As soon as the stampede passed, I searched out John Myers on the sidewalk. Our eyes locked like two angry cowboys at a high noon duel. I shot him my best Clint Eastwood squint, and he countered with his own angry glare.
Ever since I shrugged off the recorder and notepad for my editor desk job, Myers and I knew this day was coming. It went unsaid each time we passed each other at local events—at least it went unsaid by us. Both of us have been dogged by the question almost daily.
“Are you guys going to continue to compete in the Apple Harvest Media Challenge?” they’d ask.
“One more time,” we’d answer.
For more than a decade, it has become one of the fiercest rivalries in local sports. Forget Thanksgiving Day football. Forget about any Southington-Amity showdown in softball. Even the banter between local Yankees and Red Sox fans pales by comparison.
The Apple Harvest Road Race is the biggest sporting event in town. It draws more spectators than the Cheshire-Southington football game. It draws more participants and fans than any state championship contest, and at the heart of it all is the Media Challenge.
The times aren’t broadcast on the internet or in the papers, but the winner has bragging rights throughout the year. It’s only open by invitation to sports writers, photographers, and race directors.
John Atashian, the official photographer for the festival, declines the invitation each year, choosing to protect his camera equipment by staying as far from the town green as possible. Many regional newspapers choose not to cover the event because they’re afraid of the fight. It’s that fierce.
First, we have to survive the stampede of runners at the starting line (this year there were two). Then, we have to stumble through the crowds, overloaded with backpacks and camera equipment, in a mad dash toward the finish line.

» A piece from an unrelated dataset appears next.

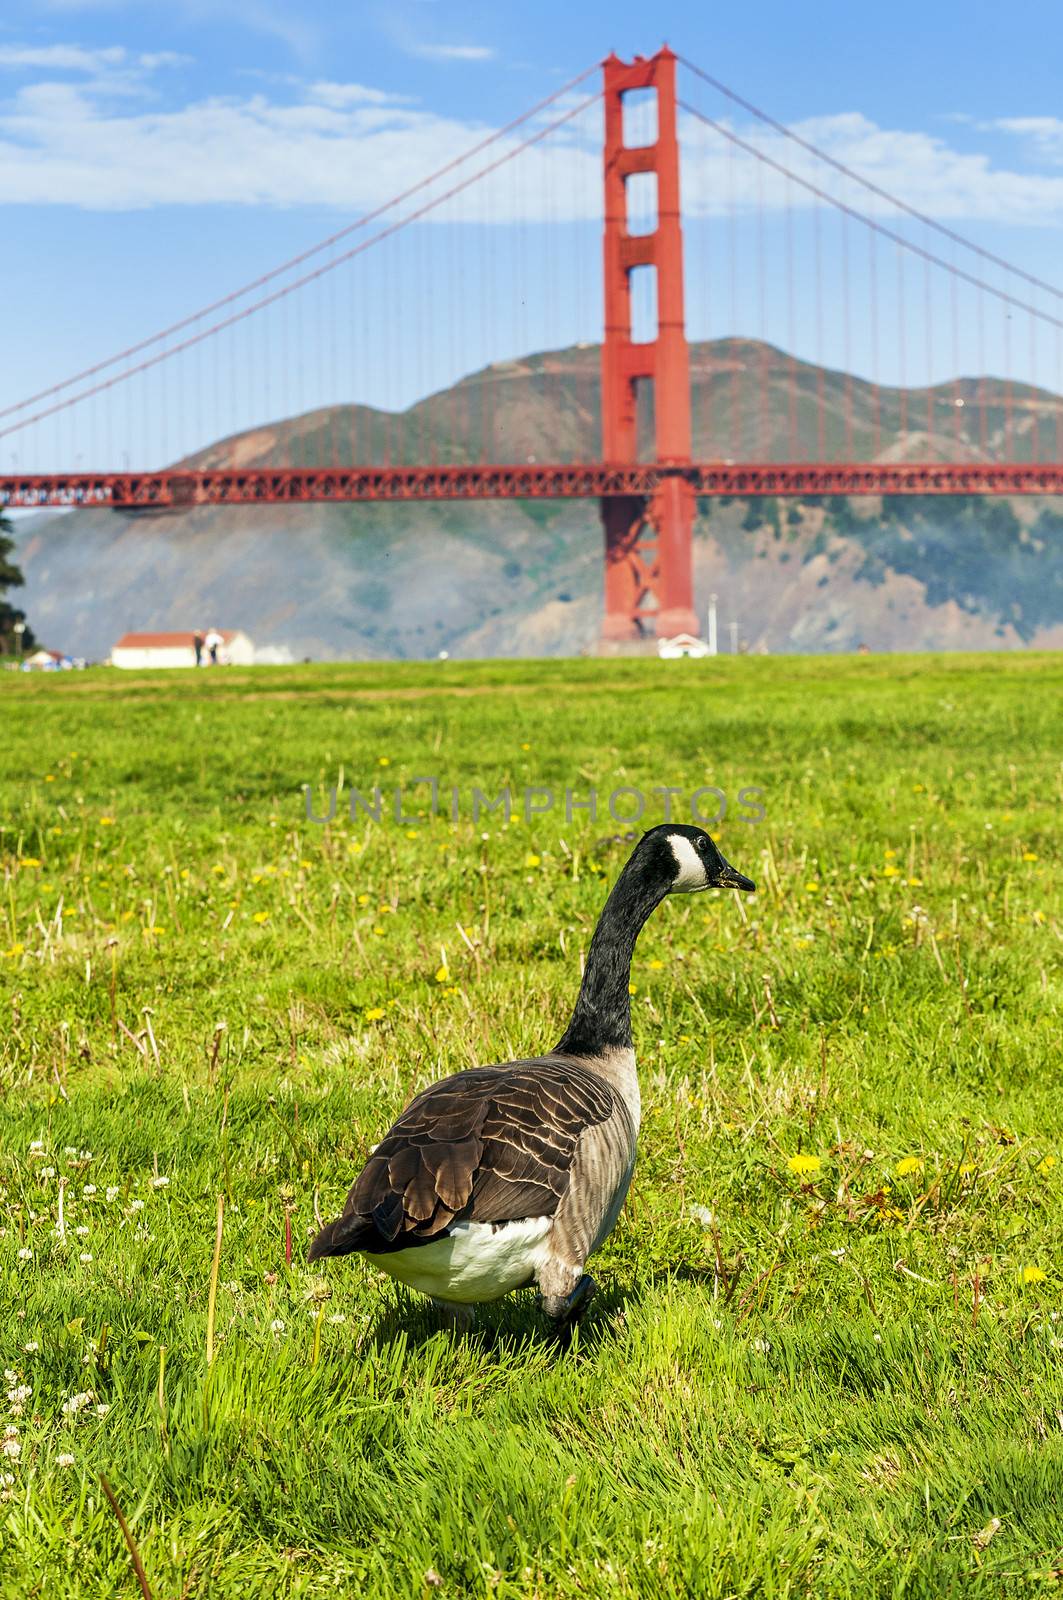 San Francisco bridge USA with a goose is walking in the grass
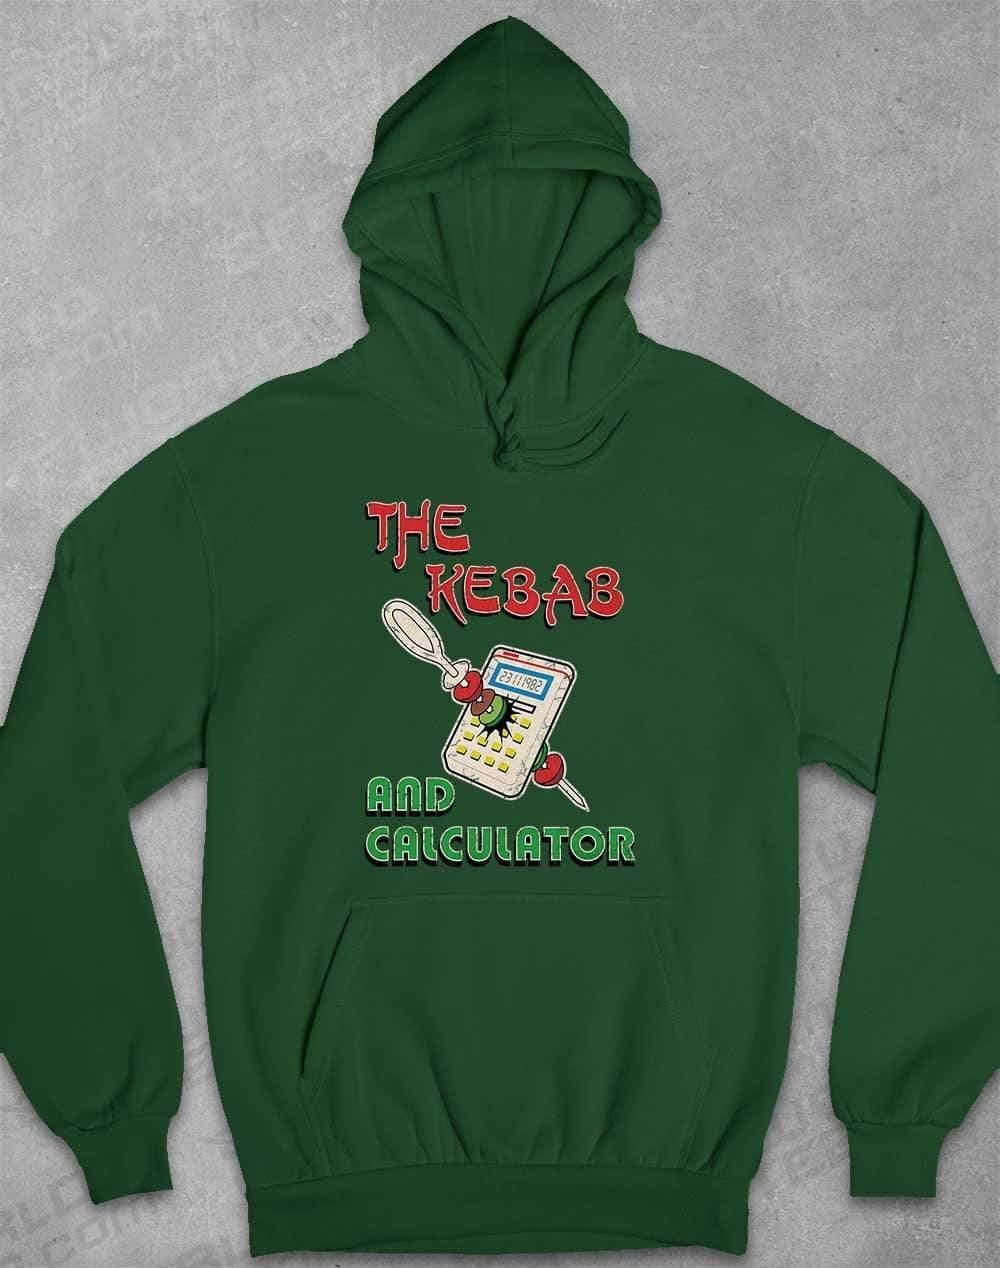 The Kebab and Calculator 1982 Hoodie XS / Bottle Green  - Off World Tees

The clock keeps ticking. We can feel the frontrunners at our backs as we strain to get to the finish line to cover it. It’s not a marathon. It’s a sprint, and it usually comes down to Myers and me.
He is infamous for his cheating. I have been pummeled by objects, elbowed, tripped, and misdirected. Myers has used volunteers, shortcuts, and golf carts. He’s hired others as obstacles and has used his position as the YMCA director to position apologetic race volunteers directly in my path.
Still, for more than a decade, I’ve managed to win more than I’ve lost. But we both knew that all came down to this—our final showdown.
I gathered my stuff and began to sprint. Myers fell in step beside me, and we began to use our equipment as weapons. He hit me with his megaphone. I managed to get one in with my heaviest zoom lens. At one point we were both crawling over each other on all fours as we clamored for the finish line.
Then, I looked up.
Standing under the clock with a broad smile was Observer sports writer Brian Jennings, and as Myers and I loosened our grips, he smiled even wider.
“I win,” was all he said.
At first, I was disappointed. Both of us had forgotten that—this year—we weren’t alone in the challenge, but then it began to sink in. I think I saw a tear rolling down that dastardly Myers’ cheek. Jennings kept the Observer streak alive.
Good luck next year, Myers. He’s in better shape than I am.